MATERIAL PROVIDED -

* * * *

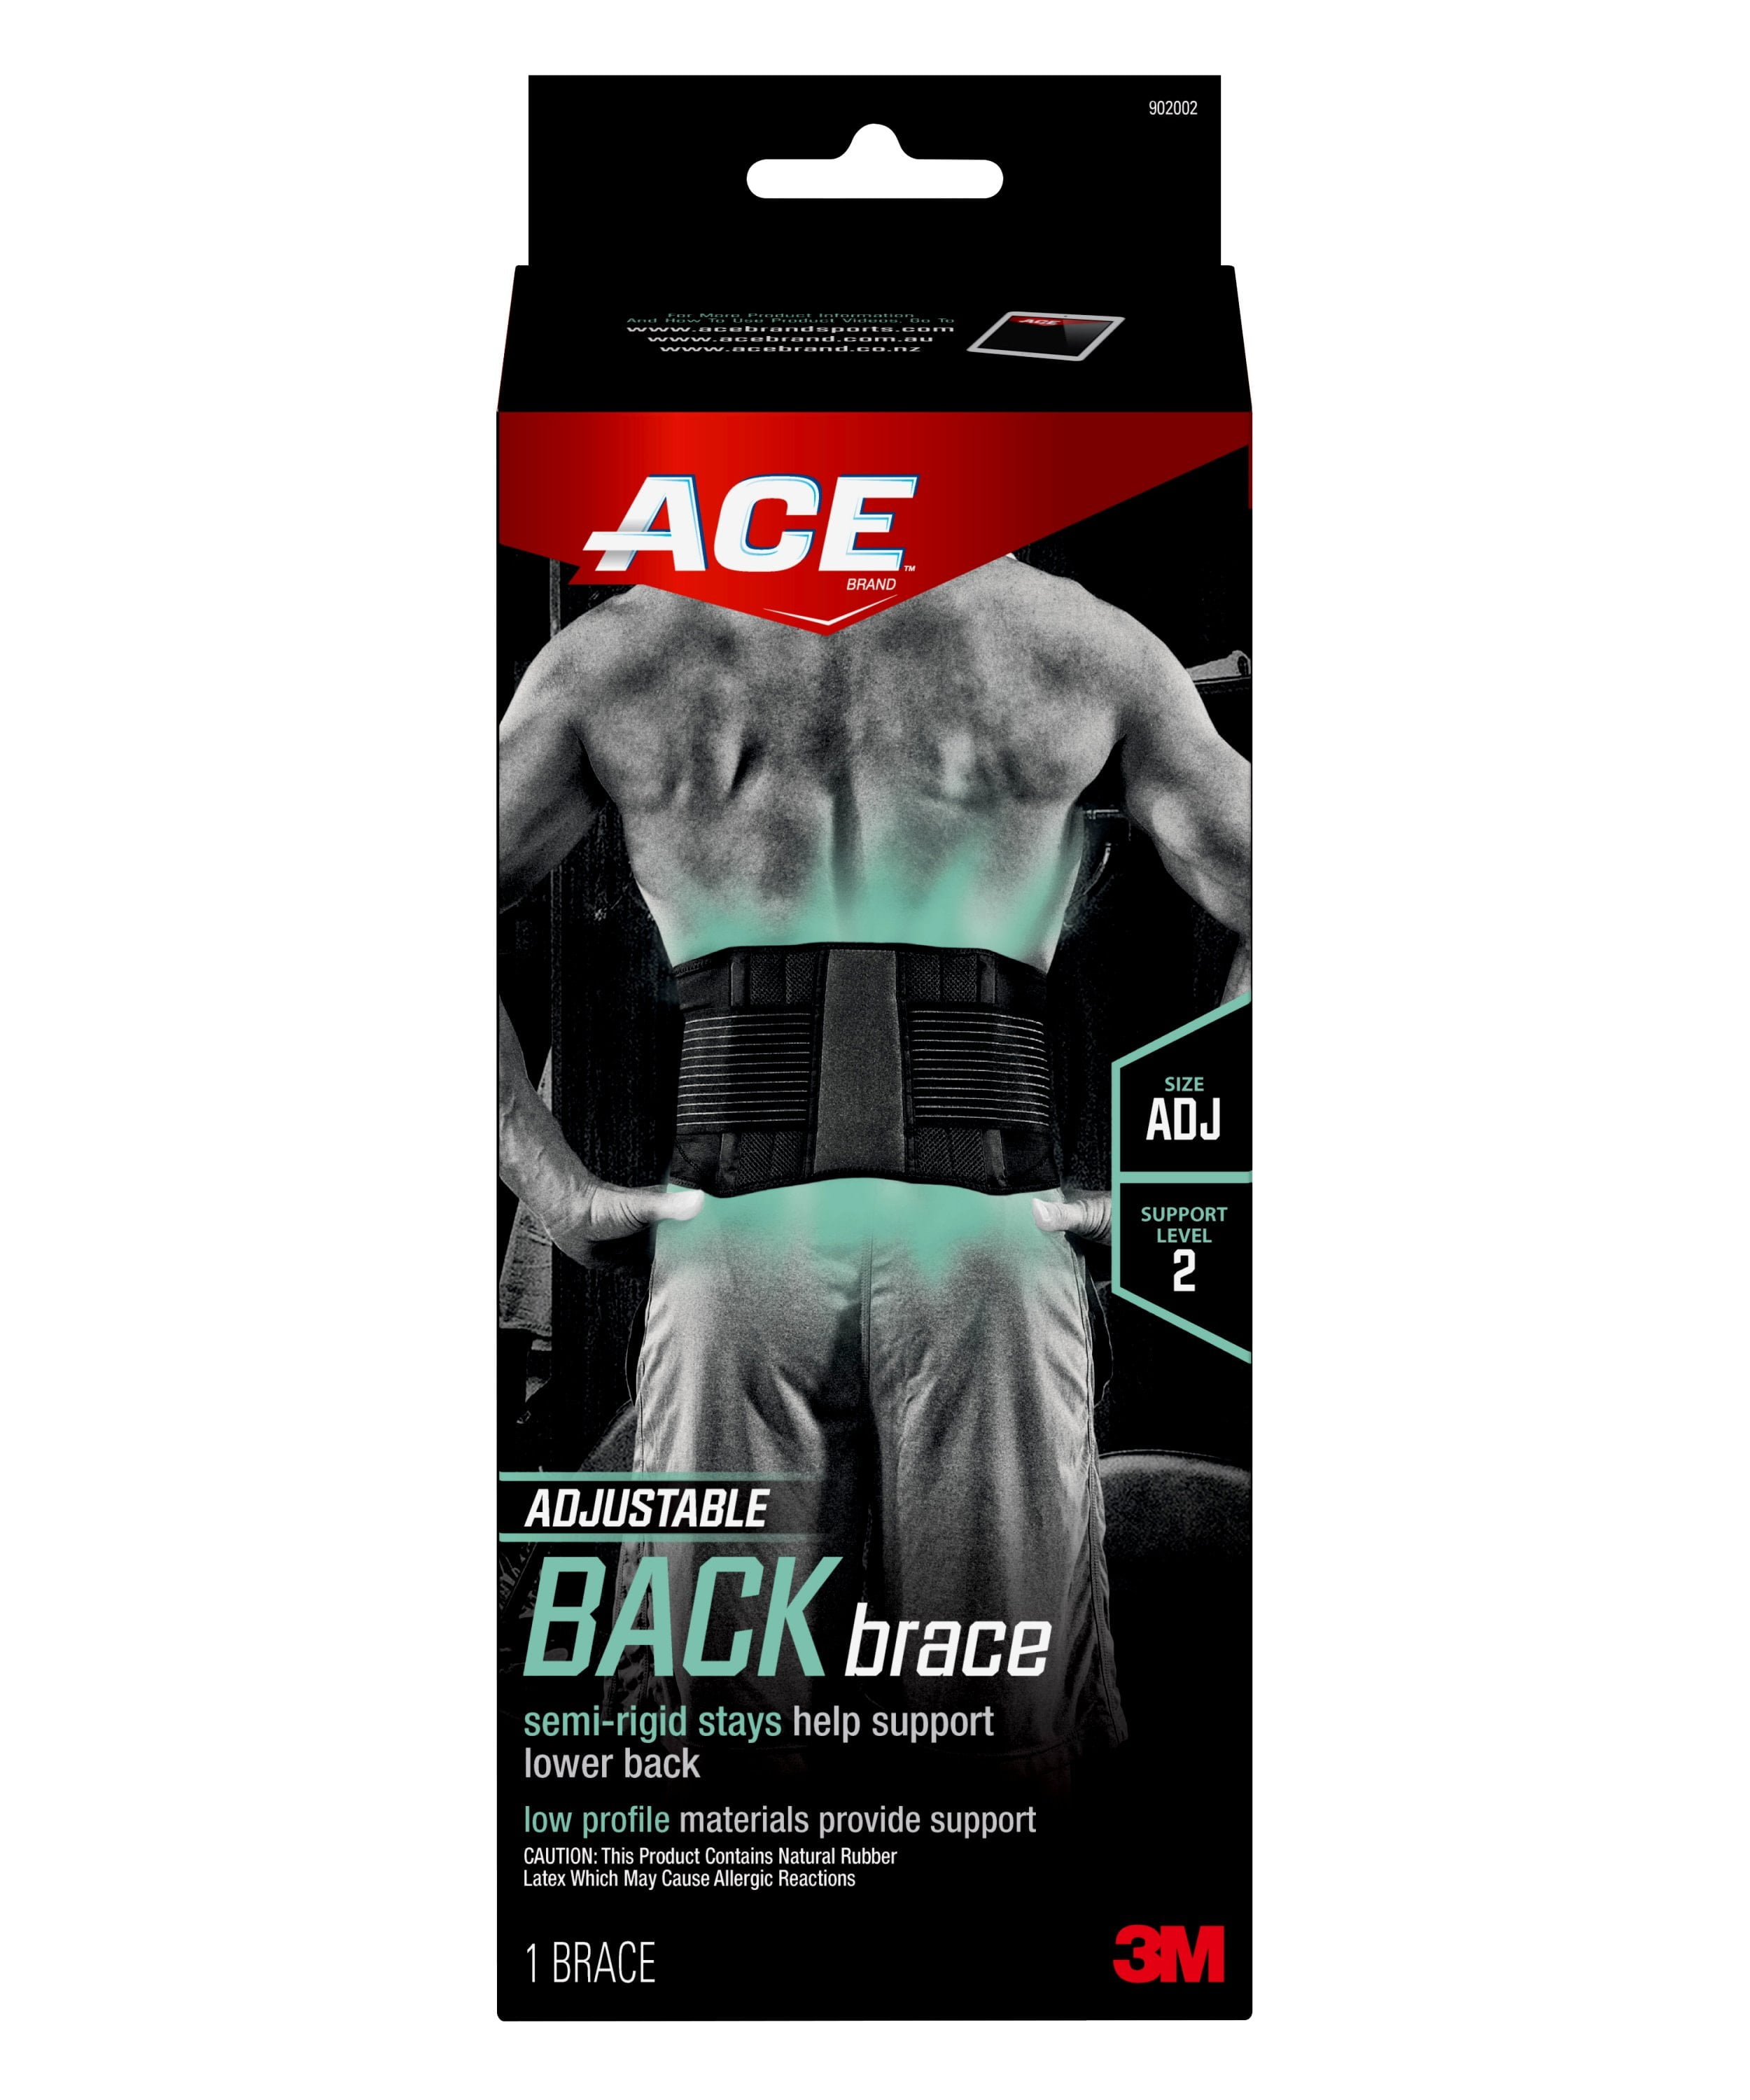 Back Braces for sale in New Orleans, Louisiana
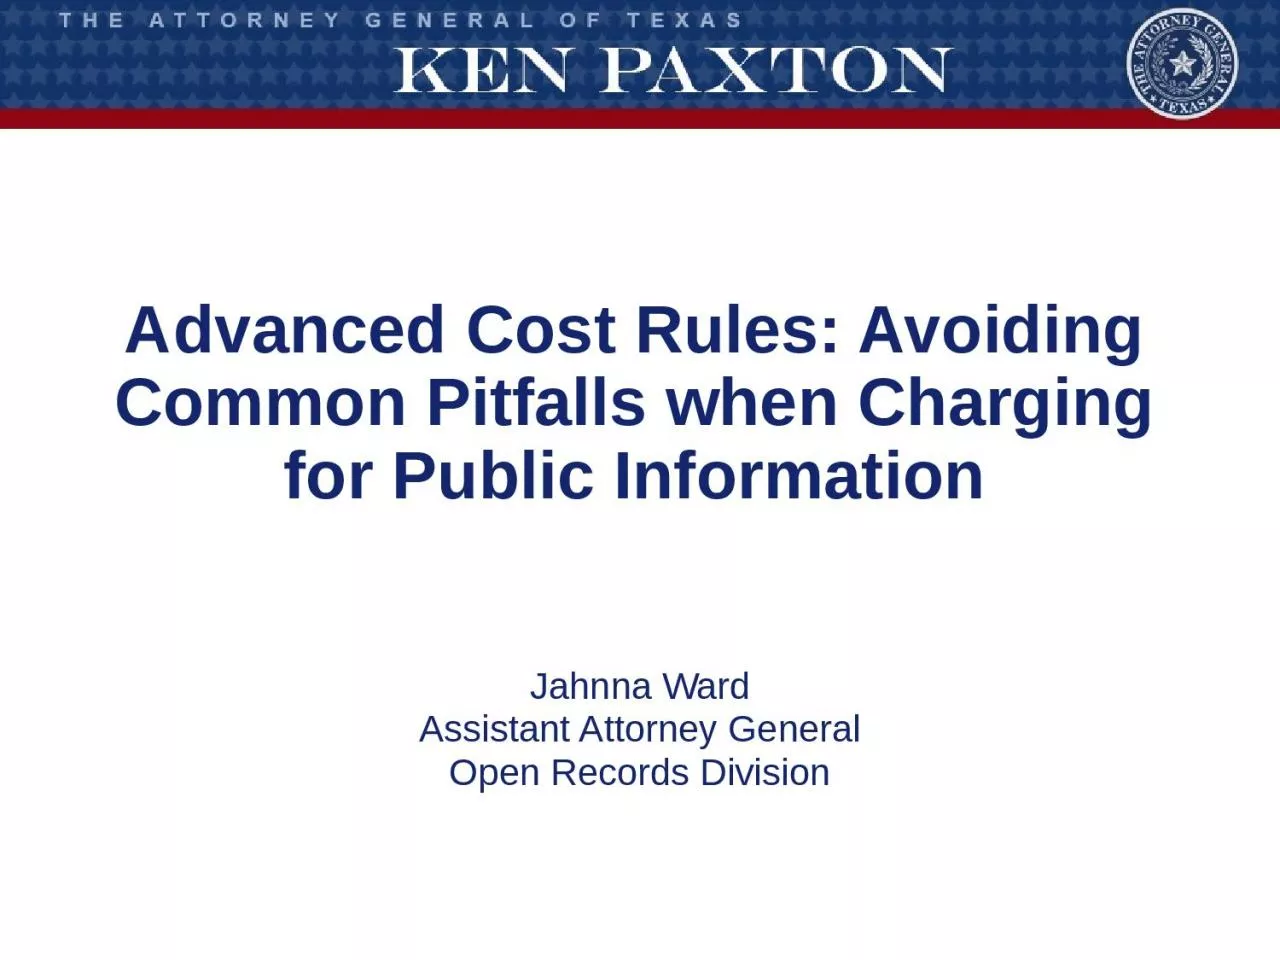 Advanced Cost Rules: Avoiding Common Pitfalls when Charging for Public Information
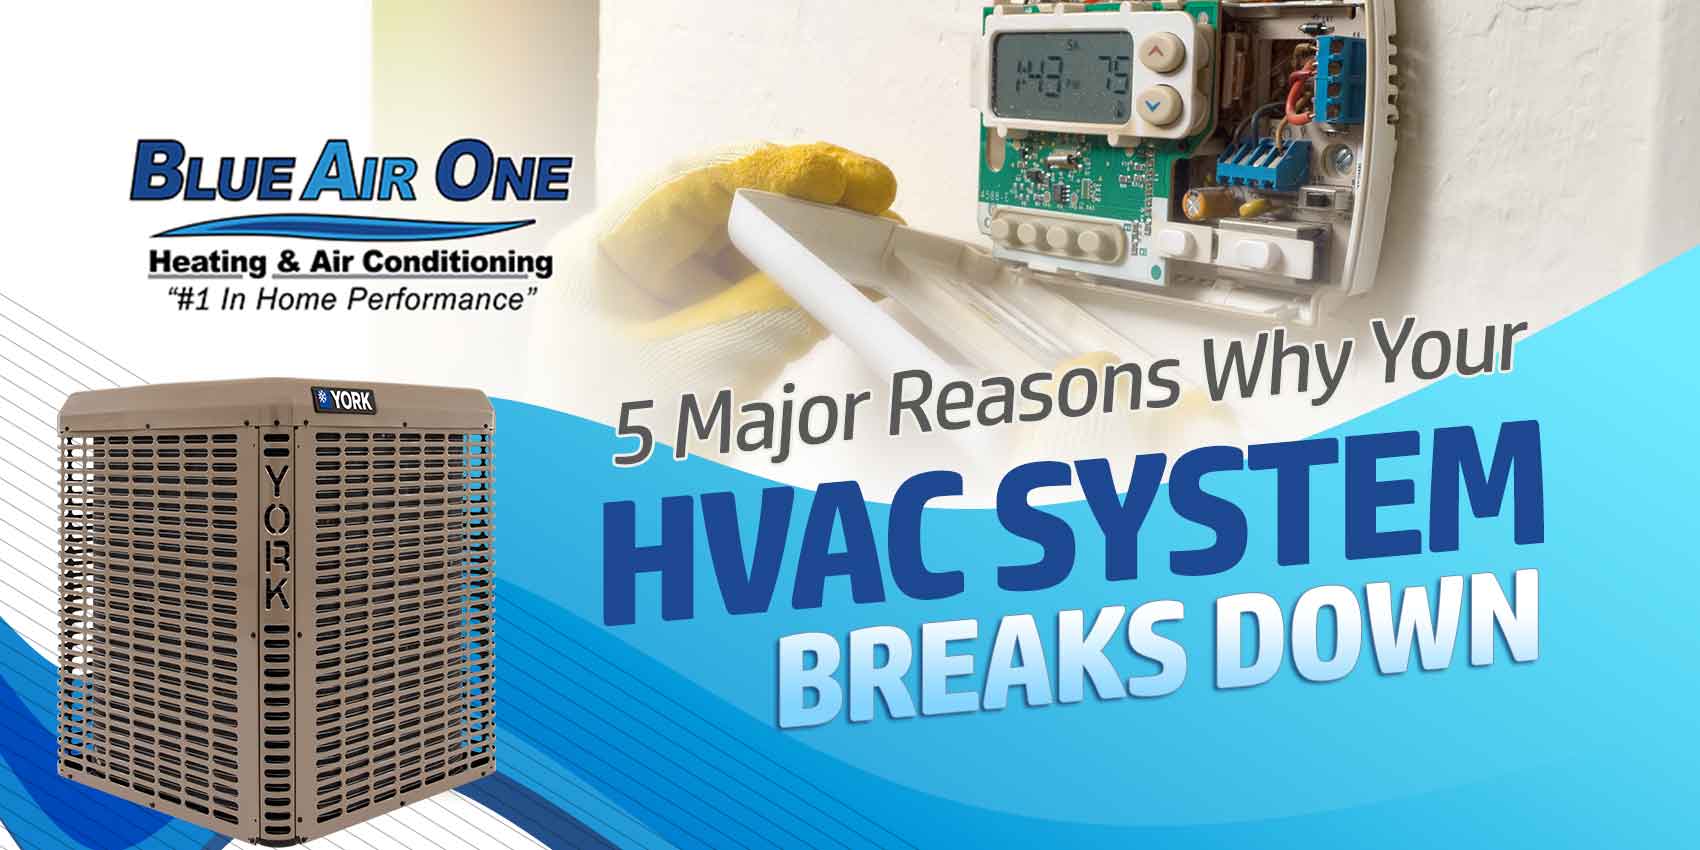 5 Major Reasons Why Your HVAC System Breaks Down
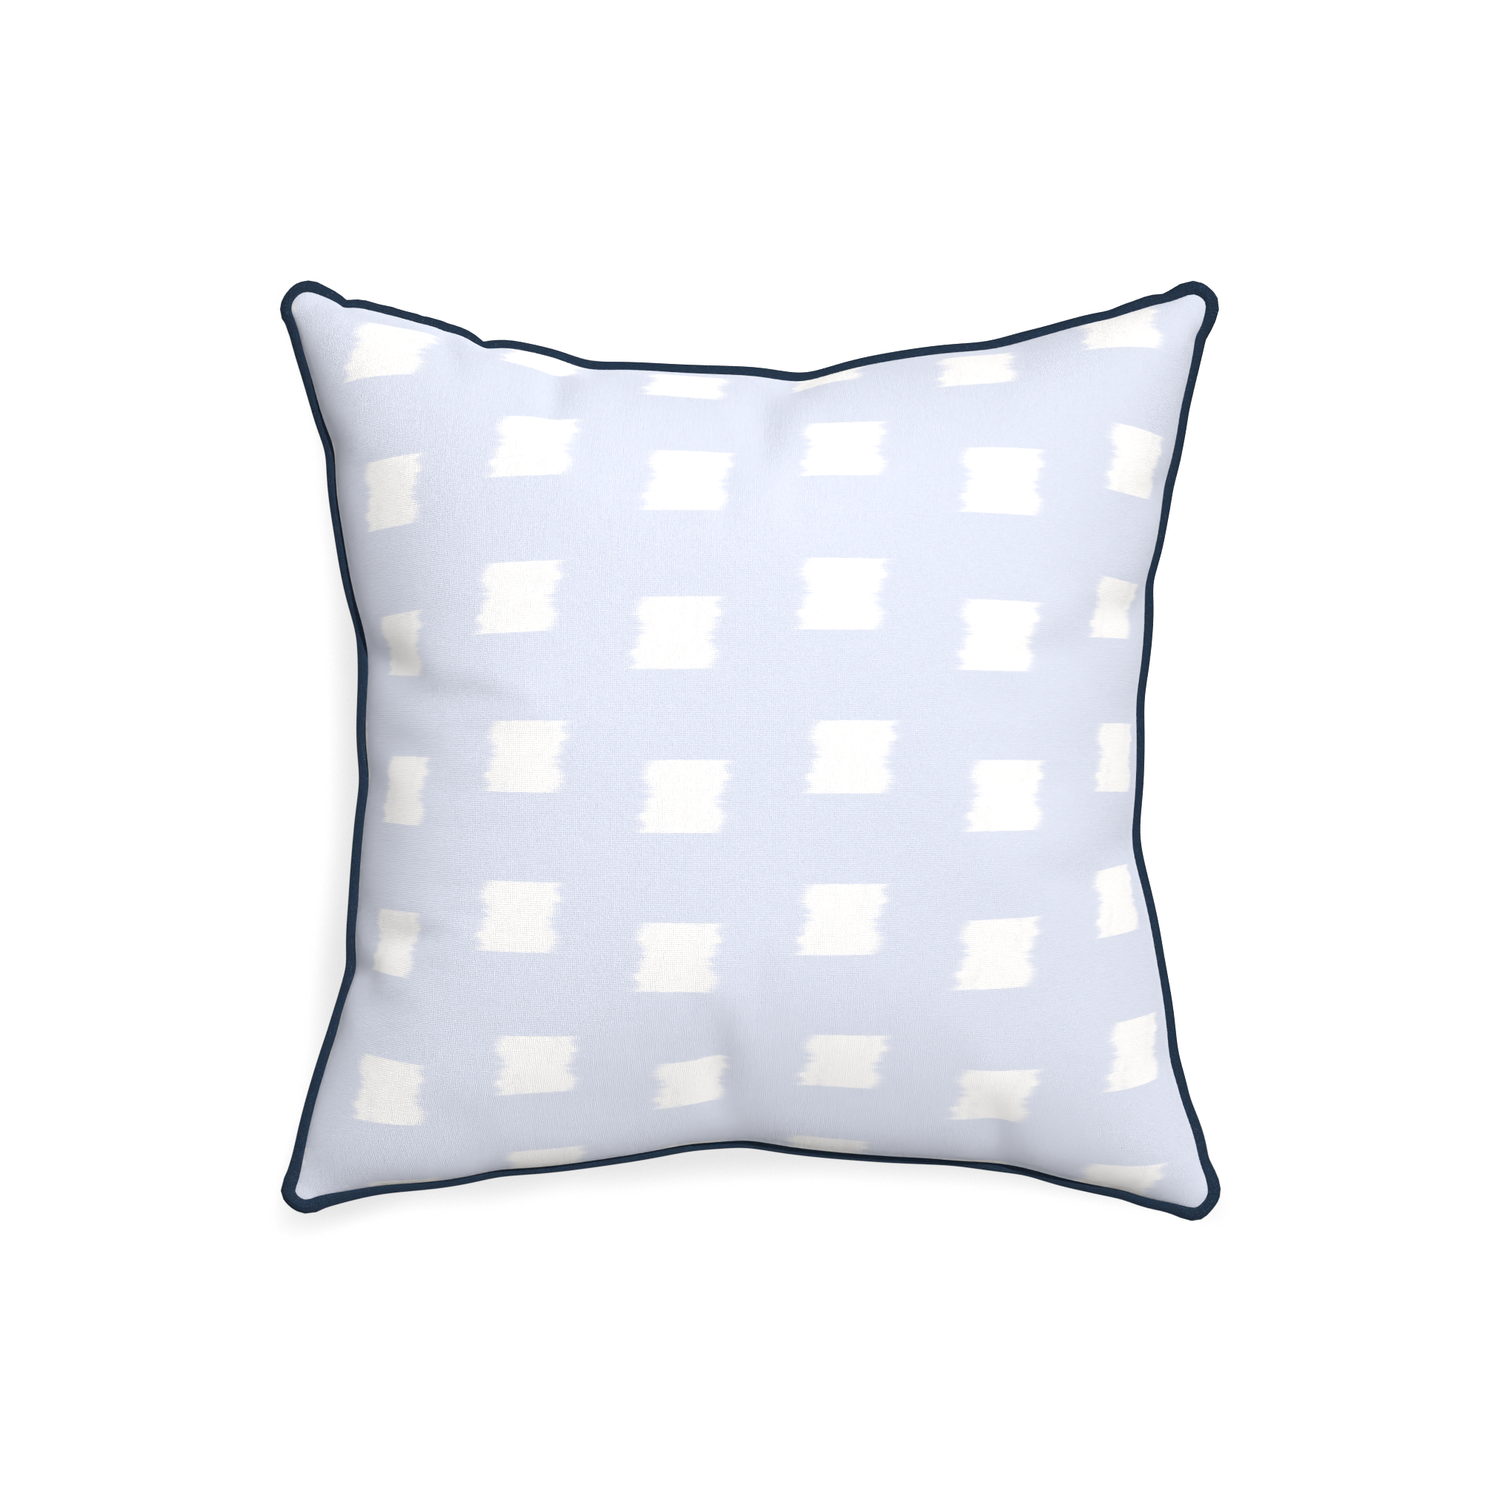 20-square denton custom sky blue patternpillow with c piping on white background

* * * *

WORK TASK -
Leaving the pictures out, transcribe word for word the lines from the one with "5 Major Reasons" to the end of the material above, inclusive, and nothing else.

ANSWER TO THIS PROBLEM -
 5 Major Reasons Why Your HVAC System Breaks Down
 20-square denton custom sky blue patternpillow with c piping on white background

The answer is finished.